Note: This bug is displayed in read-only format because
the product is no longer active in Red Hat Bugzilla.
RHEL Engineering is moving the tracking of its product development work on RHEL 6 through RHEL 9 to Red Hat Jira (issues.redhat.com). If you're a Red Hat customer, please continue to file support cases via the Red Hat customer portal. If you're not, please head to the "RHEL project" in Red Hat Jira and file new tickets here. Individual Bugzilla bugs in the statuses "NEW", "ASSIGNED", and "POST" are being migrated throughout September 2023. Bugs of Red Hat partners with an assigned Engineering Partner Manager (EPM) are migrated in late September as per pre-agreed dates. Bugs against components "kernel", "kernel-rt", and "kpatch" are only migrated if still in "NEW" or "ASSIGNED". If you cannot log in to RH Jira, please consult article #7032570. That failing, please send an e-mail to the RH Jira admins at rh-issues@redhat.com to troubleshoot your issue as a user management inquiry. The email creates a ServiceNow ticket with Red Hat. Individual Bugzilla bugs that are migrated will be moved to status "CLOSED", resolution "MIGRATED", and set with "MigratedToJIRA" in "Keywords". The link to the successor Jira issue will be found under "Links", have a little "two-footprint" icon next to it, and direct you to the "RHEL project" in Red Hat Jira (issue links are of type "https://issues.redhat.com/browse/RHEL-XXXX", where "X" is a digit). This same link will be available in a blue banner at the top of the page informing you that that bug has been migrated.
Description of problem:
When there are already 59 lockspaces (exact number might vary by a small amount), dlm_tool cannot create any more.

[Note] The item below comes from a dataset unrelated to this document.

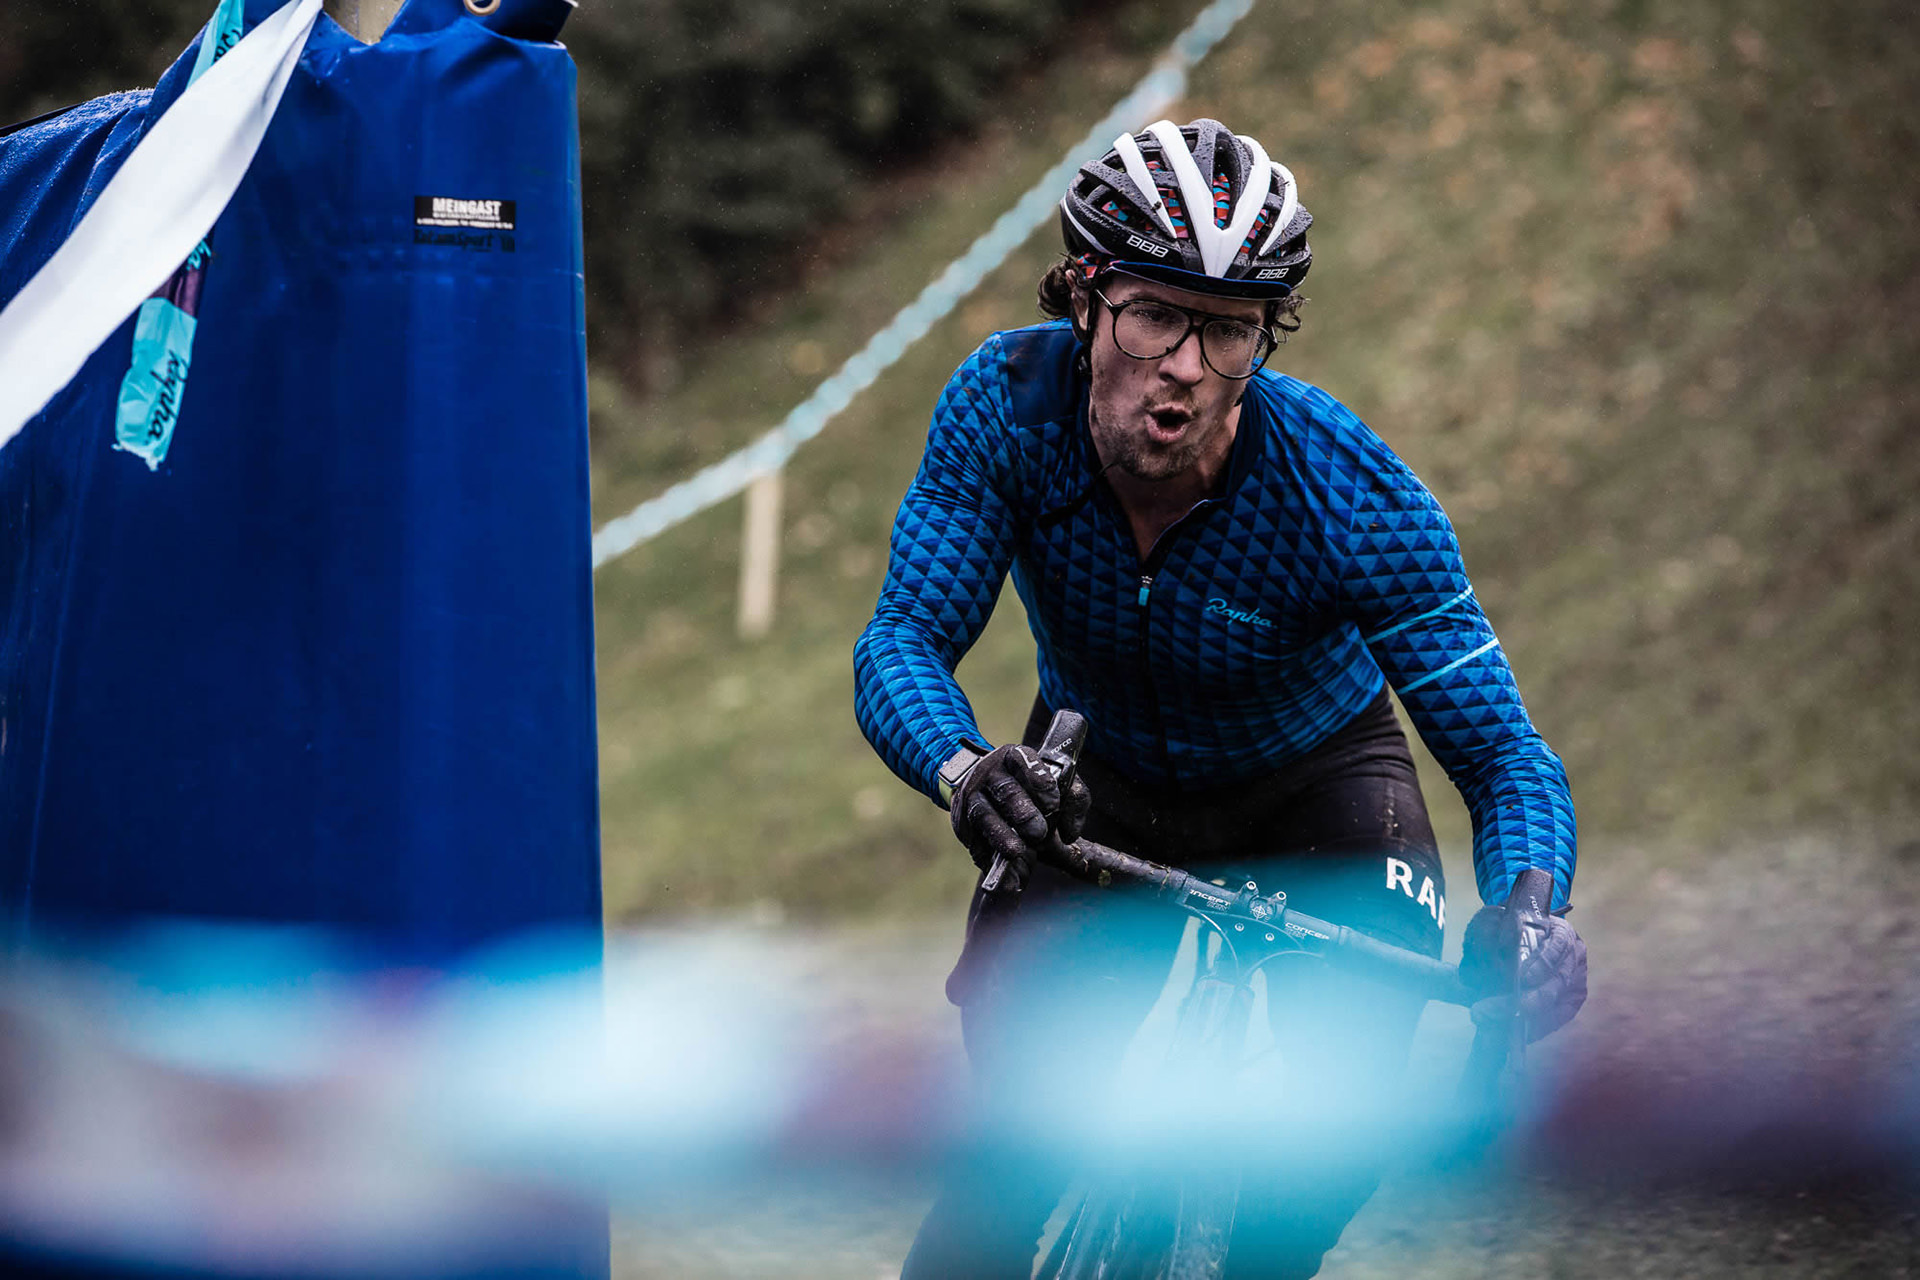 race-bike-hill-concentration-man

[root@fastvm-rhel-8-0-23 ~]# dlm_tool join ls60
Joining lockspace "ls60" permission 600
dlm_new_lockspace ls60 error 16
This seems to be an issue only with user-space tools. gfs2 has no problem creating more lockspaces based on prior experience.

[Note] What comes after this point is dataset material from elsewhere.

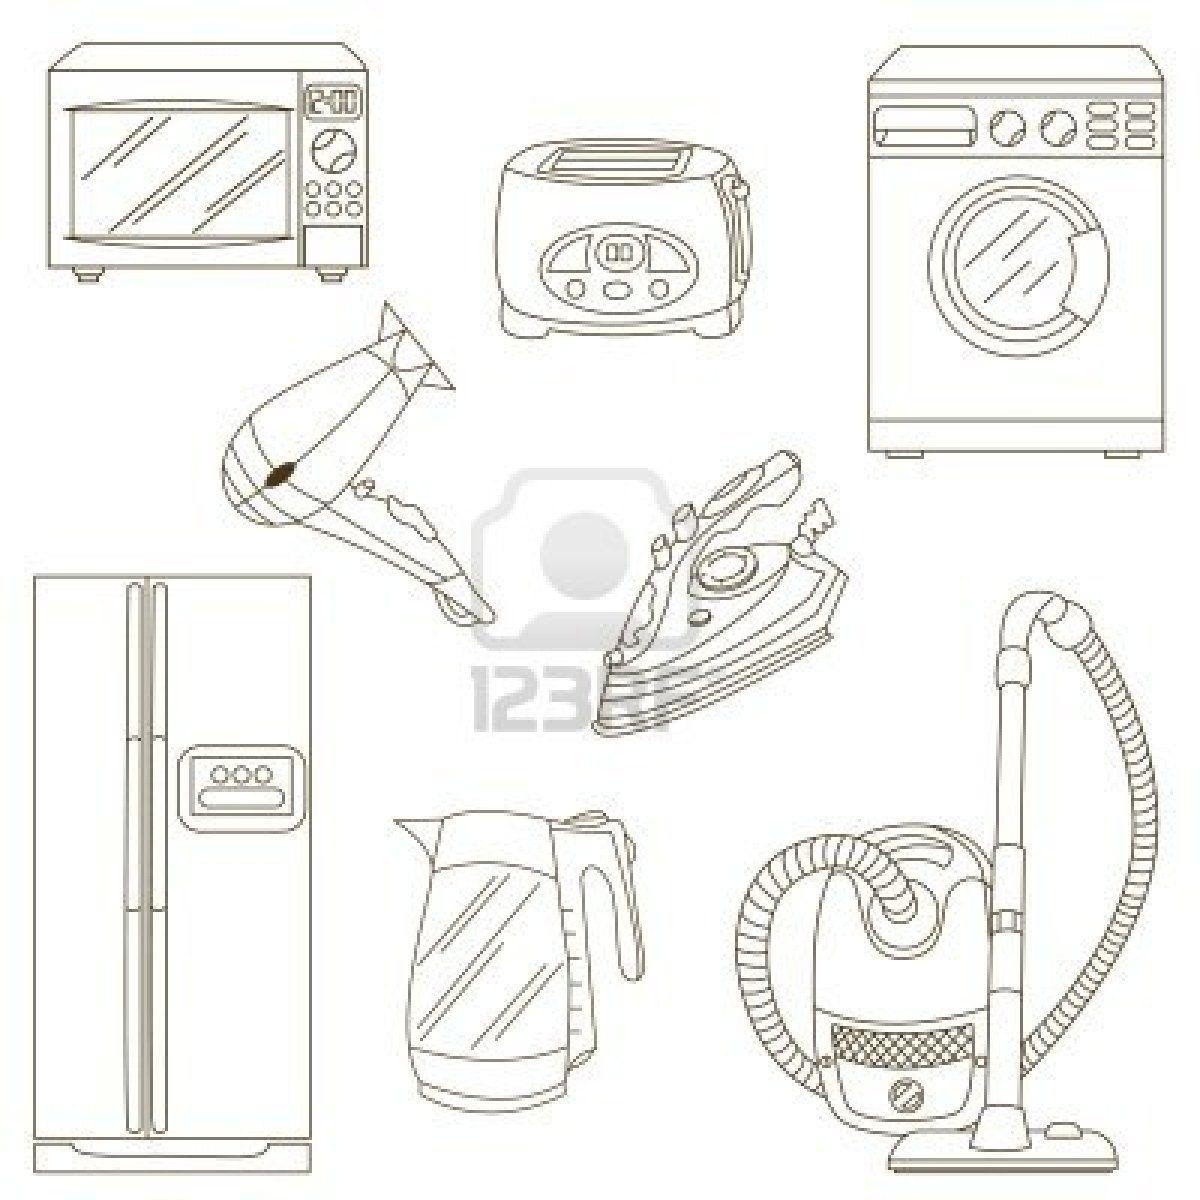 Dibujo Electrodomesticos Buscar Con Google Dibujos

I stepped through dlm_controld under gdb and found that the new lockspace is getting created. It's present in corosync-cpgtool output and in the debugfs. Also, the "join complete" message gets logged. But dlm_controld receives an "offline" uevent and leaves the lockspace immediately after joining. It seems like this is from the do_uevent(ls, 0) call in release_lockspace(). (If the offline uevent were coming from the call in new_lockspace(), then we'd expect to see a "ping_members aborted" message.)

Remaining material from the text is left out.